Chawana Tariro D, Gandhi Monica, Nathoo Kusum, Ngara Bernard, Louie Alexander, Horng Howard, Katzenstein David, Metcalfe John, Nhachi Charles F B
*Department of Clinical Pharmacology, University of Zimbabwe, Harare, Zimbabwe; †Division of HIV, Infectious Diseases, and Global Medicine, Department of Medicine, University of California San Francisco, San Francisco, CA; ‡Department of Paediatrics, University of Zimbabwe, Harare, Zimbabwe; §Department of Community Medicine, University of Zimbabwe, Harare, Zimbabwe; ‖Division of Infectious Diseases, Department of Medicine, Stanford University, Stanford, CA; and ¶Division of Pulmonary and Critical Care, Department of Medicine, University of California San Francisco, San Francisco, CA.
J Acquir Immune Defic Syndr. 2017 Sep 1;76(1):55-59. doi: 10.1097/QAI.0000000000001452.
Adequate antiretroviral exposure is crucial to virological suppression. We assessed the relationship between atazanavir hair levels with self-reported adherence, virological outcomes, and the effect of a home-based adherence intervention in HIV-infected adolescents failing second-line antiretroviral treatment in Zimbabwe.
HIV-infected adolescents on atazanavir/ritonavir-based second-line treatment for ≥6 months with viral load (VL) >1000 copies/mL were randomized to either standard care (control) or standard care plus modified directly administered antiretroviral therapy (intervention). Questionnaires were administered; VL and hair samples were collected at baseline and after 90 days in each group. Viral suppression was defined as <1000 copies/mL after follow-up.
Fifty adolescents (10-18 years) were enrolled; 23 (46%) were randomized to intervention and 27 (54%) to control. Atazanavir hair concentration <2.35 ng/mg (lower interquartile range for those with virological suppression) defined a cutoff below which most participants experienced virological failure. Male sex (P = 0.03), virological suppression at follow-up (P = 0.013), greater reduction in VL (P = 0.006), and change in average self-reported adherence over the previous month (P = 0.031) were associated with adequate (>2.35 ng/mg) hair concentrations. Participants with virological failure were more likely to have suboptimal atazanavir hair concentrations (RR = 7.2, 95% CI: 1 to 51, P = 0.049). There were no differences in atazanavir hair concentration between the arms after follow-up.
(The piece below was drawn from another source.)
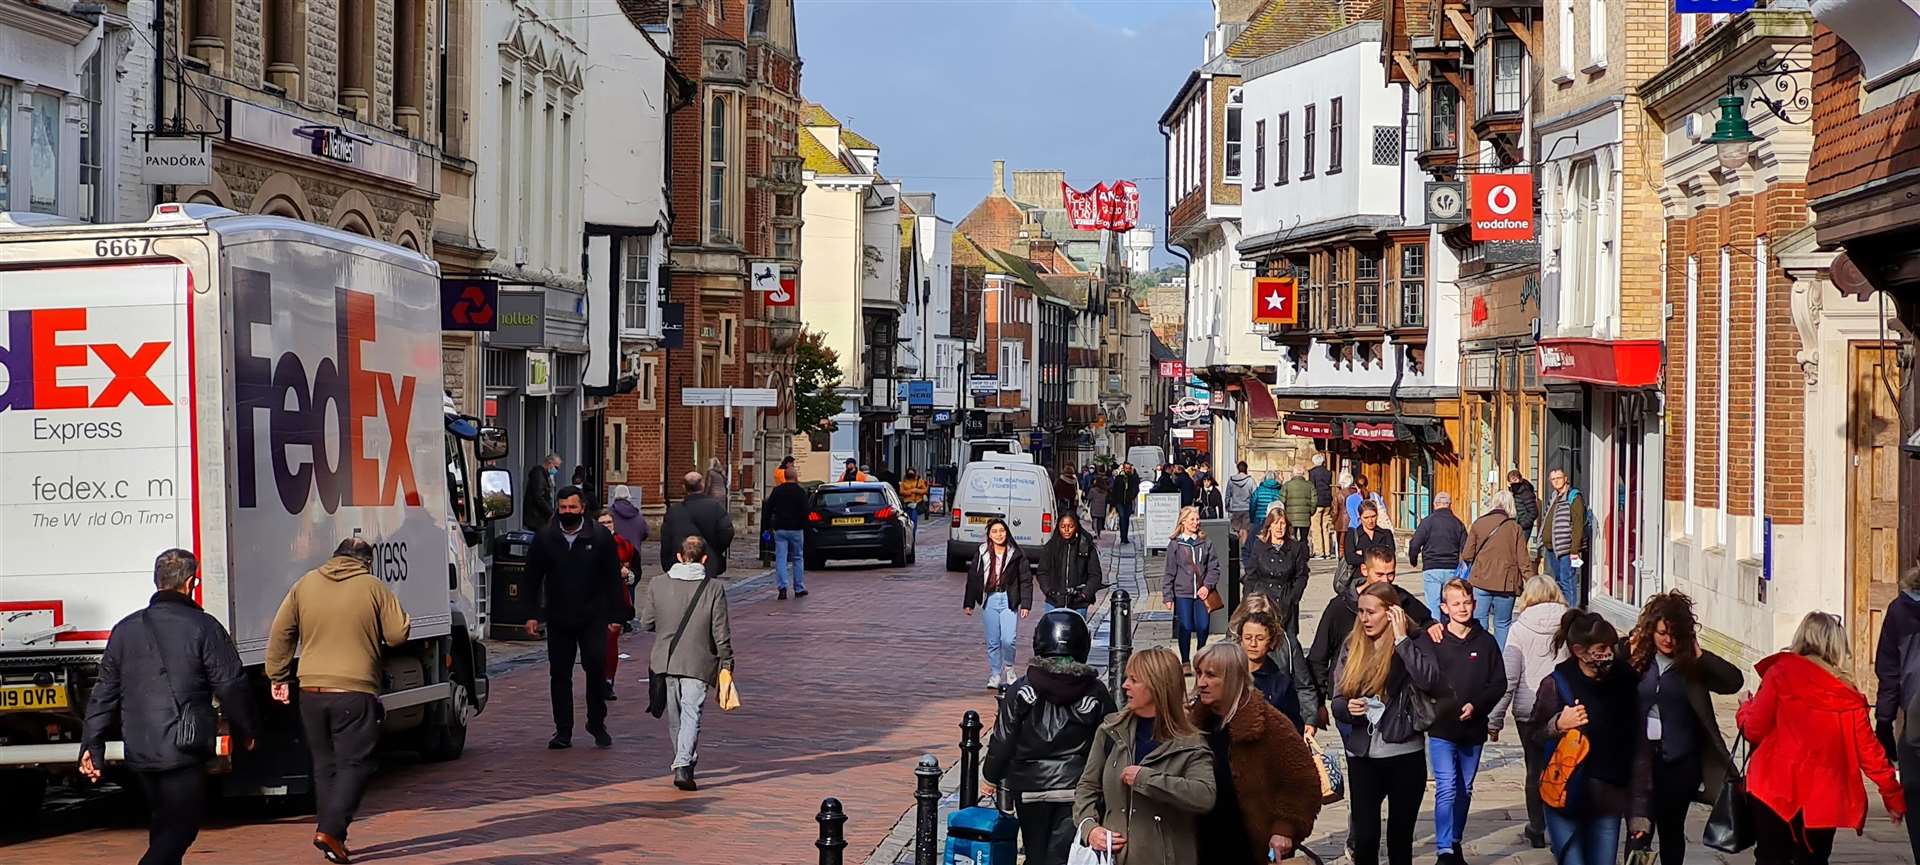 The incident happened in Canterbury High Street

A threshold of atazanavir concentrations in hair (2.35 ng/mg), above which virological suppression was likely, was defined for adolescents failing second-line atazanavir/ritonavir-based ART in Zimbabwe. Male sex and better self-reported adherence were associated with adequate atazanavir hair concentrations. Antiretroviral hair concentrations may serve as a useful clinical tool among adolescents.
充分的抗逆转录病毒暴露对于病毒学抑制至关重要。我们评估了在津巴布韦接受二线抗逆转录病毒治疗失败的HIV感染青少年中,阿扎那韦头发水平与自我报告的依从性、病毒学结果之间的关系,以及家庭式依从性干预的效果。
接受基于阿扎那韦/利托那韦的二线治疗≥6个月且病毒载量(VL)>1000拷贝/mL的HIV感染青少年被随机分为标准护理组(对照组)或标准护理加改良直接给药抗逆转录病毒治疗组(干预组)。进行问卷调查;在每组的基线和90天后收集VL和头发样本。病毒抑制定义为随访后<1000拷贝/mL。
招募了50名青少年(10 - 18岁);23名(46%)被随机分配到干预组,27名(54%)被分配到对照组。阿扎那韦头发浓度<2.35 ng/mg(病毒学抑制者的下四分位数范围)定义了一个临界值,低于该临界值的大多数参与者经历了病毒学失败。男性(P = 0.03)、随访时的病毒学抑制(P = 0.013)、VL的更大降低(P = 0.006)以及前一个月自我报告依从性的变化(P = 0.031)与足够(>2.35 ng/mg)的头发浓度相关。病毒学失败的参与者更有可能阿扎那韦头发浓度不理想(RR = 7.2,95% CI:1至51,P = 0.049)。随访后两组之间阿扎那韦头发浓度没有差异。
对于在津巴布韦接受基于阿扎那韦/利托那韦的二线抗逆转录病毒治疗失败的青少年,定义了头发中阿扎那韦浓度的阈值(2.35 ng/mg),高于该阈值可能实现病毒学抑制。男性和更好的自我报告依从性与足够的阿扎那韦头发浓度相关。抗逆转录病毒头发浓度可能是青少年中一种有用的临床工具。